The first query is, as you can imagine, messy (DDL and DML at the bottom of this answer):

SELECT CONCAT('[', better_result, ']') AS best_result FROM
(
SELECT GROUP_CONCAT('{', my_json, '}' SEPARATOR ',') AS better_result FROM
(
  SELECT 
    CONCAT
    (
      '"name_field":'   , '"', name_field   , '"', ',' 
      '"address_field":', '"', address_field, '"', ','
      '"contact_age":'  , contact_age
    ) AS my_json
  FROM contact
) AS more_json
) AS yet_more_json;

Result:

[{"name_field":"Mary","address_field":"address one","contact_age":25},{"name_field":"Fred","address_field":"address two","contact_age":35},{"name_field":"Bill","address_field":"address three","contact_age":47}]

which is correct, but, let's face it, a bit of a nightmare!
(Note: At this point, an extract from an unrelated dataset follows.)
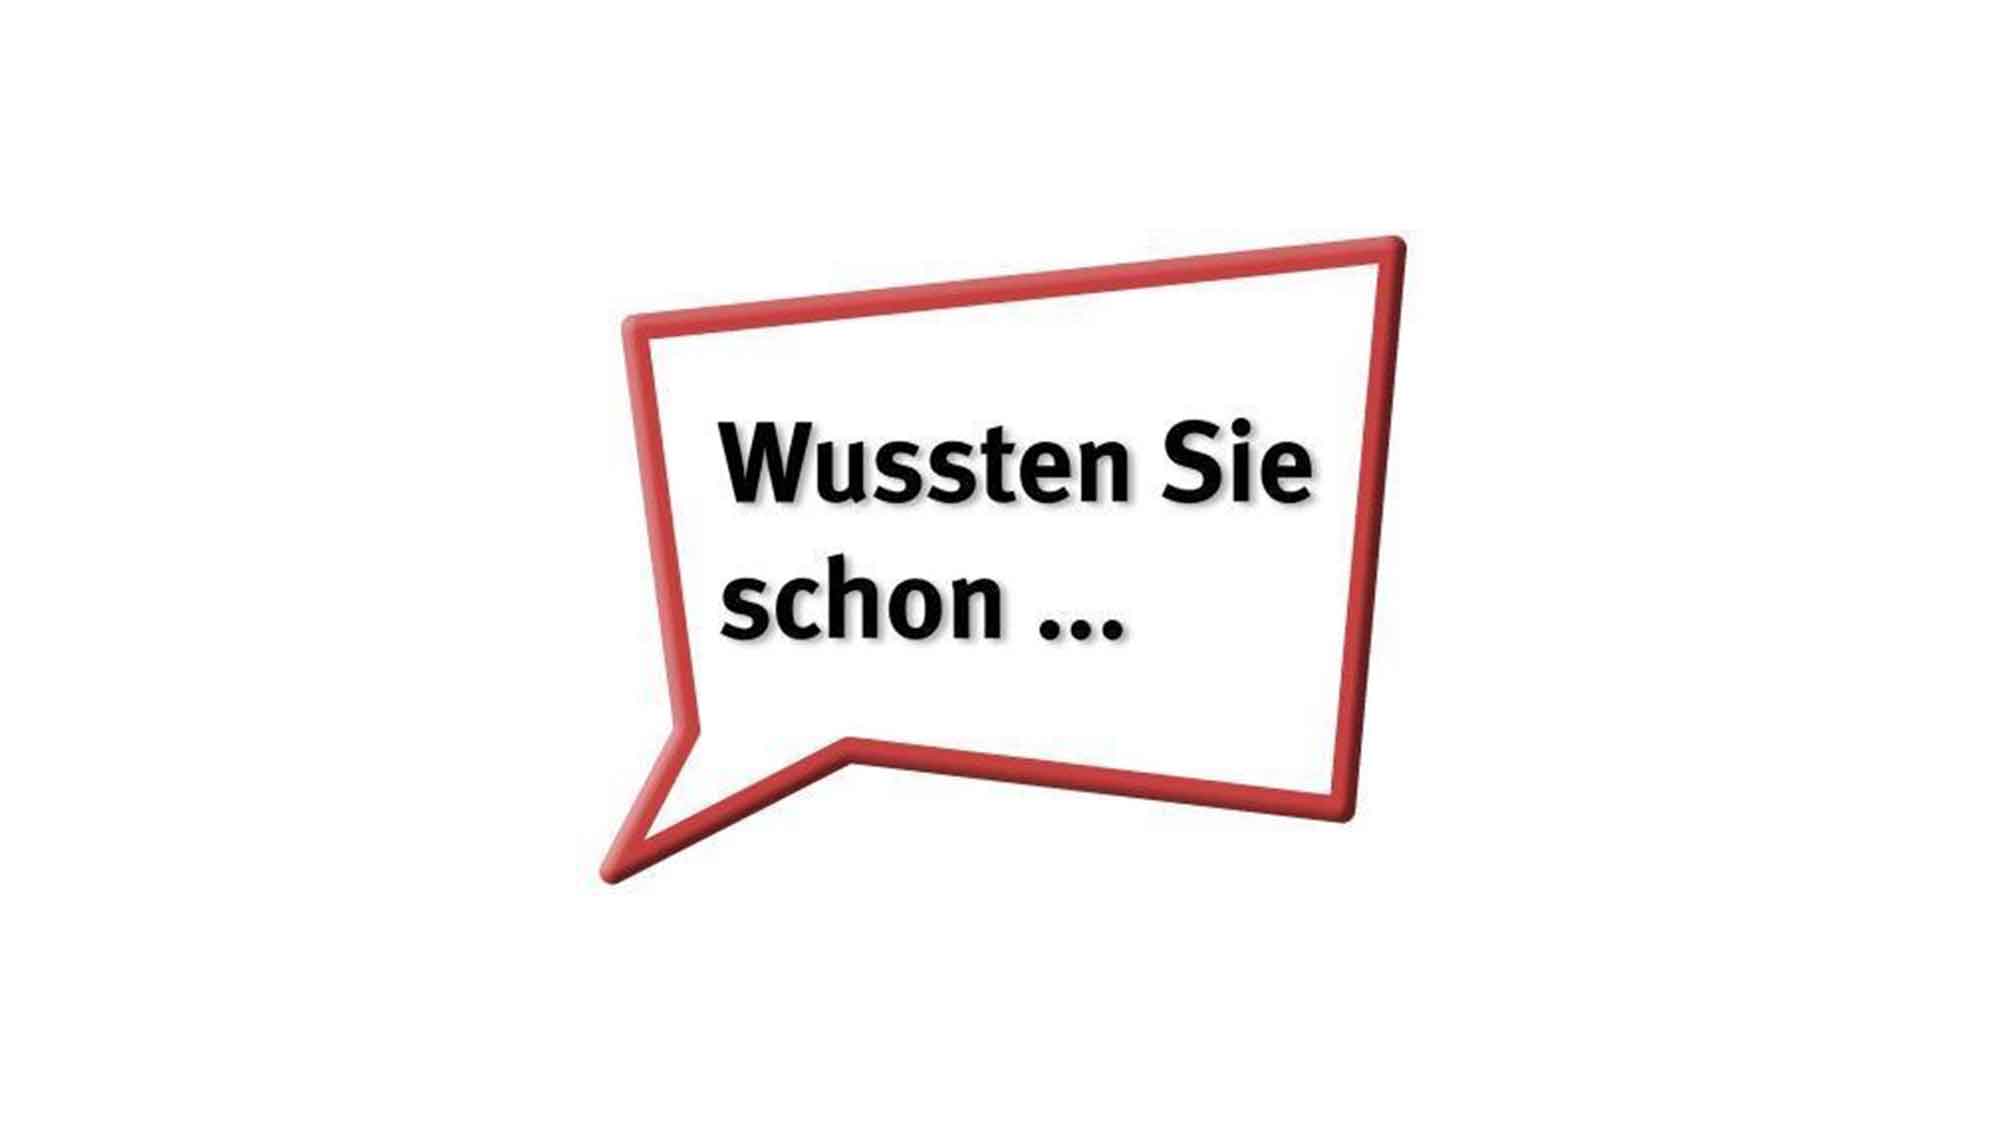 Verbraucherzentrale Nordrhein Westfalen: »Wussten Sie schon, dass Bratenfett und Fonduefett in den Hausmüll gehören?«

Then there's the MySQL JSON_ARRAY() approach (which is even messier - thanks MySQL for your (non-existent) implementation of the TRANSLATE() function!).

SELECT
CONCAT
('[', REPLACE
  (
    REPLACE
    (
      GROUP_CONCAT
      (
        JSON_ARRAY
        (
          'name_field:', name_field, 
          'address_field:', address_field, 
          'age_field:', contact_age
        ) SEPARATOR ','
      ), '[', '{'
    ), ']', '}'
  ), ']'
) 
AS best_result2 
FROM contact

Same result!

====  TABLE CREATION and INSERT DDL and DML ============

    CREATE TABLE contact
    (
         name_field VARCHAR  (5) NOT NULL,
      address_field VARCHAR (20) NOT NULL,
      contact_age   INTEGER      NOT NULL
    );

    INSERT INTO contact
    VALUES
    ('Mary', 'address one',   25),
    ('Fred', 'address two',   35),
    ('Bill', 'address three', 47);

For an array of JSON objects (one object per row in query), you can do this:

SELECT JSON_ARRAYAGG(JSON_OBJECT("fieldA", fieldA, "fieldB", fieldB)) 
  FROM table;

It would result in a single JSON array containing all entries:

[
  {
    "fieldA": "value",
    "fieldB": "value"
  },
  ...
]

Unfortunately, MySQL does not allow for selecting all fields with *. This would be awesome, but does not work:

SELECT JSON_ARRAYAGG(JSON_OBJECT(*)) FROM table;